The fatigue properties of composite materials are degraded seriously in hygrothermal environments, so taking into account their influence is very important when evaluating the fatigue life of composite structures. Tensile fatigue experiments of carbon fiber reinforced resin composite cross-ply laminates were conducted in room temperature/dry (RTD), cool temperature/dry (CTD) and elevated temperature/wet (ETW) conditions. The S-N curves and fatigue failure modes of the cross-ply laminates were obtained in three conditions. On this basis, a finite element model was established to discuss the influence of temperature and moisture content on the fatigue properties, as well as a method for determining environmental factors of fatigue life of cross-ply laminates was established. The results show that the saturation moisture absorption and temperature have a significant influence on the tensile fatigue properties of cross-ply laminates. The high-cycle fatigue property is weakened significantly by the saturation moisture absorption and high temperature, but the low-cycle fatigue properties were strengthened in cool temperature conditions. The delamination failure mode in ETW is the most severe, presenting with an obvious necking phenomenon. The influence of temperature has a greater effect than that of moisture content, but moisture absorption would play its affect obviously when temperature exceeds 40 °C.

1. Introduction

Carbon fiber reinforced resin matrix composites (CFRP) have been widely used in aircraft structures due to their high specific strength and stiffness [1,2,3]. The composite structure of the aircraft not only needs to stand cyclic fatigue loads during the service period, but also may encounter harsh environmental conditions such as heat and humidity [4]. Due to them being sensitive to heat and humidity [5], an environment with elevated temperature and high moisture could seriously weaken the mechanical properties of the composite material structure, and that will make the fatigue problem more prominent. The durability of the composite structure in severe environment conditions has become a big challenge of their application in aerospace industries [6].

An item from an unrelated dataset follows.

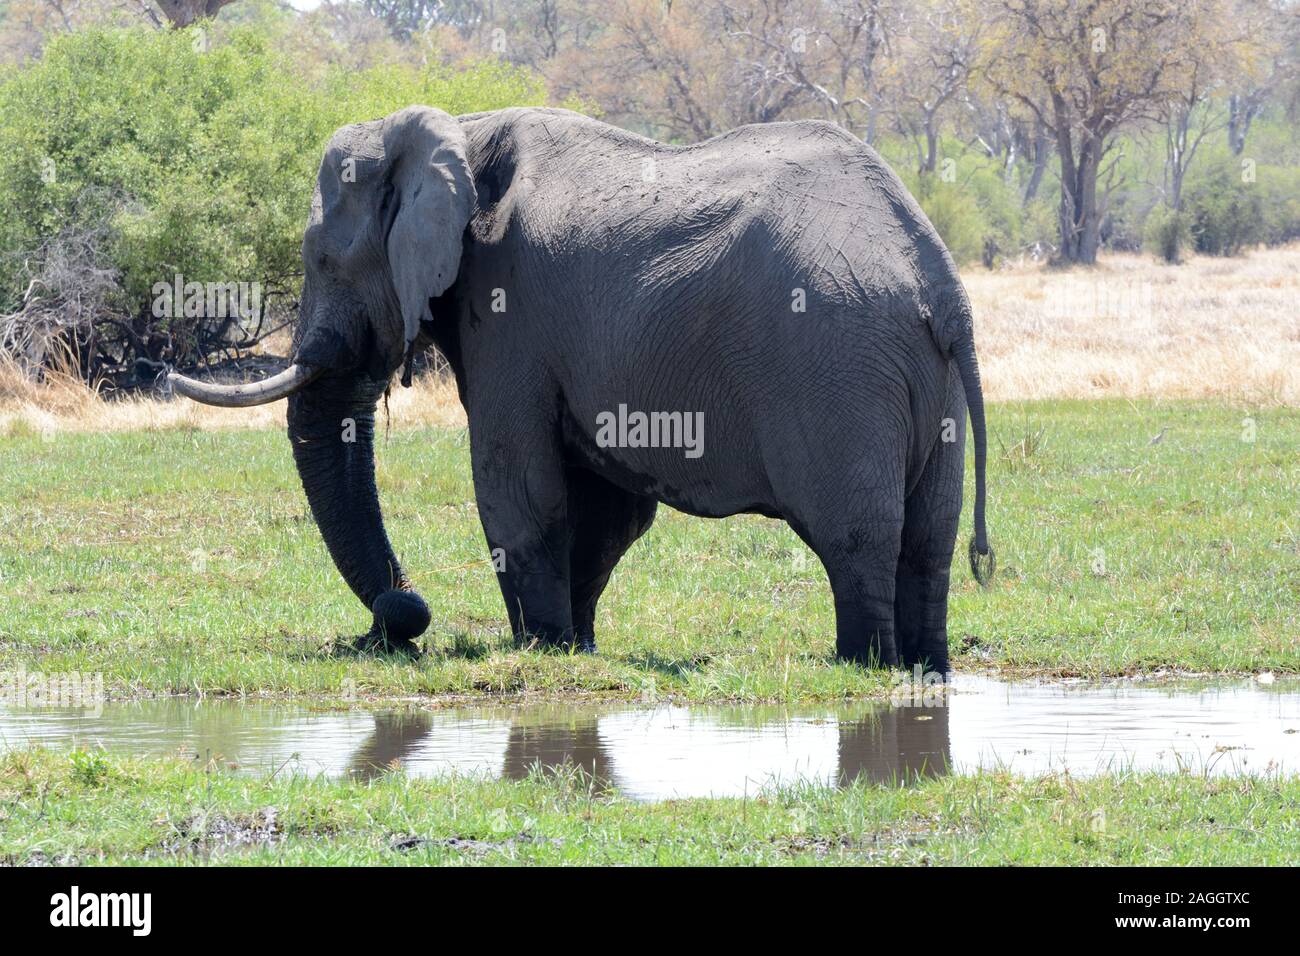 Large male African elephant drinking water from a swamp Moremi national park Moremi Wildlife park Botswana Africa Stock Photo

Some studies have been conducted on the fatigue properties of composite laminates in wet and thermal circumstances [7,8,9,10,11,12,13,14,15,16,17,18]. Mismatch in moisture expansion and thermal expansion coefficients between the fiber and matrix will induce wet stress and thermal stress, and then initiate micro-cracks and debonding in the interface of the fiber/matrix, reducing the structural bearing capacity [19,20]. Kawai et al. [21] investigated the effect of moisture absorption on the fatigue strength of plane fabric fiber quasi-isotropic composite laminates under constant stress amplitude and different stress ratios. The results indicate that the fatigue life of wet laminates is lower than that of dry laminates, and the fatigue strength of wet laminates is 11% lower than that of dry laminates at room temperature. Mcbagonluri et al. [22] compared and studied the tensile fatigue properties of vinyl glass fiber composites in a dry state, fresh water and salty water immersion. The S–N curve after moisture absorption is lower than that in the dry state, but the slope of the S–N curve in three environments is almost the same. Malpot et al. [23] investigated the effect of moisture absorption on the fatigue property of composites in three wet conditions (RH0, RH50% and RH100%) and found that when the cycle number was less than 10⁴, the fatigue life decreased with the increase in relative humidity. However, when the number of cycles is greater than 10⁴, the humidity condition hardly affects the fatigue life. Therefore, the effect of hygrothermal environment on high-cycle fatigue far exceeds that of low-cycle fatigue. Kawai et al. [24] investigated the fatigue property of three composites, AS4/PEEK, T800H/Polyimide and T800H/Epoxy, at high temperature (100 °C) with different lay-up angles. The AS4/PEEK composites were found to exhibit stronger fatigue strength except for the 0° lay-up, while the T800H/Polyimide composites had weaker fatigue strength. The fatigue strength of all the lay-up materials except for the 0° layup showed a significant decrease when the number of cycles reached 10⁵. In terms of numerical simulation, Shokrieh et al. [25,26] combined stress analysis, failure analysis and material performance attenuation to propose a fatigue model suitable for carbon fiber composite unidirectional bands. Harper et al. [27] established a FEM mode by using cohesive element to simulate fatigue delamination.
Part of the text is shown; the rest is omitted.